8.1 Probability Distributions in R

All of the common discrete (e.g. Bernoulli, binomial) and continuous (e.g. normal, uniform, exponential, poisson) probability distributions have corresponding functions in R. For each of these distributions, there are four available functions:

  • r[dist](): generates random samples from the given distribution (e.g. rnorm(), runif())
  • d[dist](): density function for the distribution (e.g. dnorm(), dunif())
  • p[dist](): cumulative distribution function for the distribution (e.g. pnorm(), punif())
  • q[dist](): quantile function for the distribution (e.g. qnorm(), qunif())

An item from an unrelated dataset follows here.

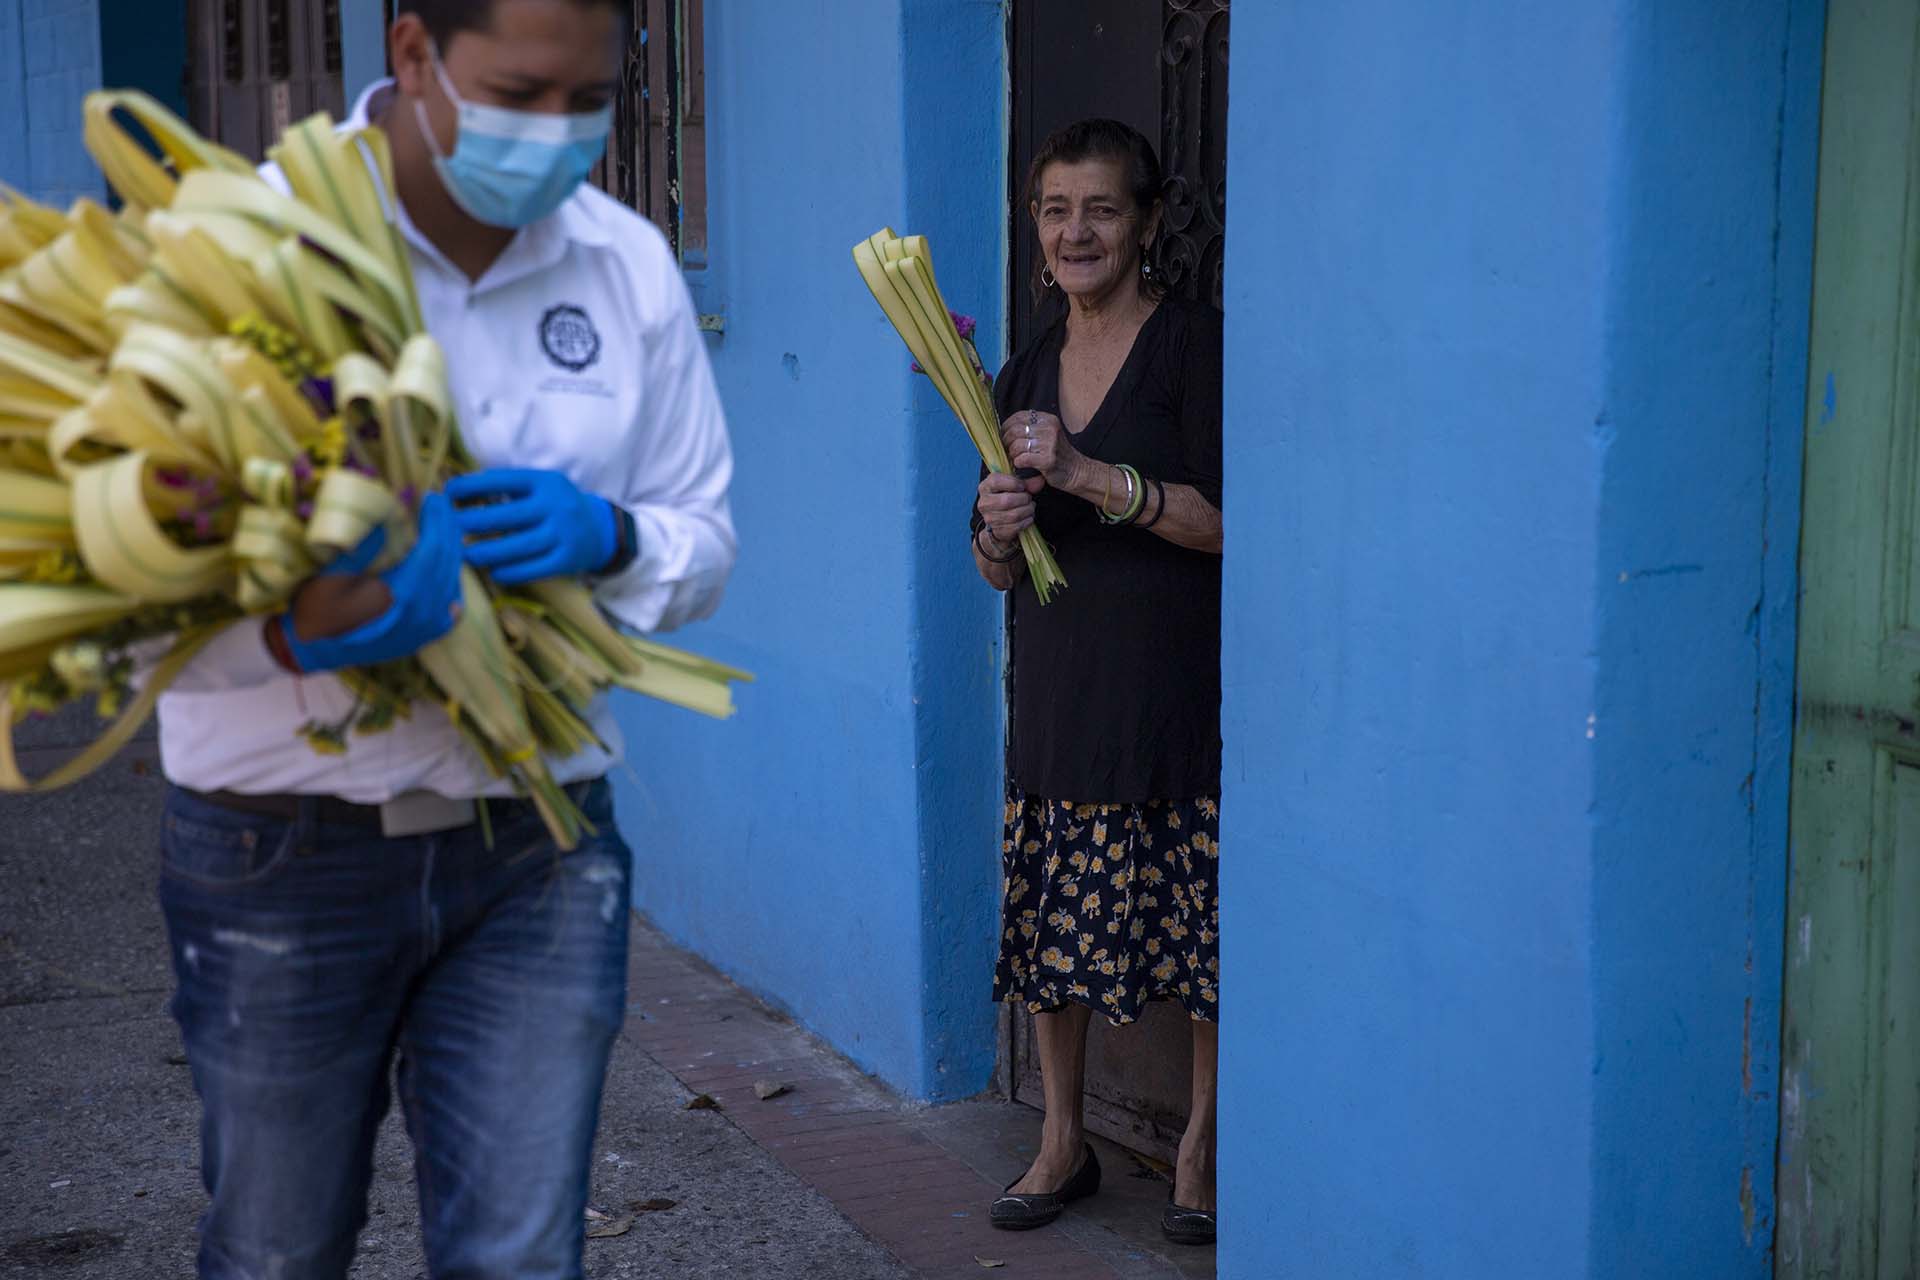 Una mujer sonríe durante los festejos de Cristo Rey en Guatemala (AP Photo/Moises Castillo)

Let’s see how these work in practice, using the normal and binomial distributions as examples.

8.1.1 Random Samples

The code below generates a sample of 100 random numbers following a normal distribution with mean 5 and standard deviation 1. As you can see, the function takes in n (the number of observations), mean (the mean with default value 0), and sd (the standard deviation with default value 1). A histogram plot (using the built-in hist() function) shows that the generated values look roughly normally distributed.

x <- rnorm(n = 100, mean = 5, sd = 1)
hist(x)

We can also input a vector instead of a single value for the mean or sd arguments if we want each sample to come from its own normal distribution. As an example, below we generate 100 random numbers with the default standard deviation of 1 where half of the samples have mean 0 and the other half have mean 5.

x <- rnorm(n = 100, mean = rep(c(0,5),50))
hist(x)

For the binomial distribution, the difference is that we need to specify a probability p and number of trials size (rather than mean and sd in the normal case) to specify the distribution. Below, we generate 100 random numbers following a binomial distribution with 10 trials and probability 0.5.

x <- rbinom(n = 100, p = 0.5, size = 10)
hist(x)

We can also specify a different size or probability of success for each sample. Below, we repeat our sample but this time let the probability of success be 0.25 for half of the sample and 0.75 for the other half.

x <- rbinom(n = 100, p = rep(c(0.25, 0.75), 50), size = 10)
hist(x)

8.1.2 Density Function

Next, we look at the density function. Recall that the probability density function for a normal distribution with mean \(\mu\) and standard deviation \(\sigma\) is given by the following formula.

\[ f_X(x) = \frac{1}{\sigma \sqrt{2 \pi}} \exp \left(-\frac{1}{2} \left (\frac{x-\mu}{\sigma} \right)^2 \right) \]

Below, we can compare some of the values from the dnorm() function to this equation and see that they are in fact equal. You can also specify the mean and standard deviation in this function. Below we use the default values (mean = 0 and sd = 1).

dnorm(0) == 1/sqrt(2*pi)
#> [1] TRUE
dnorm(1) == exp(-1/2)/sqrt(2*pi)
#> [1] TRUE
dnorm(2) == exp(-1/2*2^2)/sqrt(2*pi)
#> [1] TRUE

If we wanted to find the density function for several values, we can input a vector to this density function. Below we find the values of the density function for a normal distribution with mean 1 and standard deviation 2 for values c(-1, 0, 1, 2, 3).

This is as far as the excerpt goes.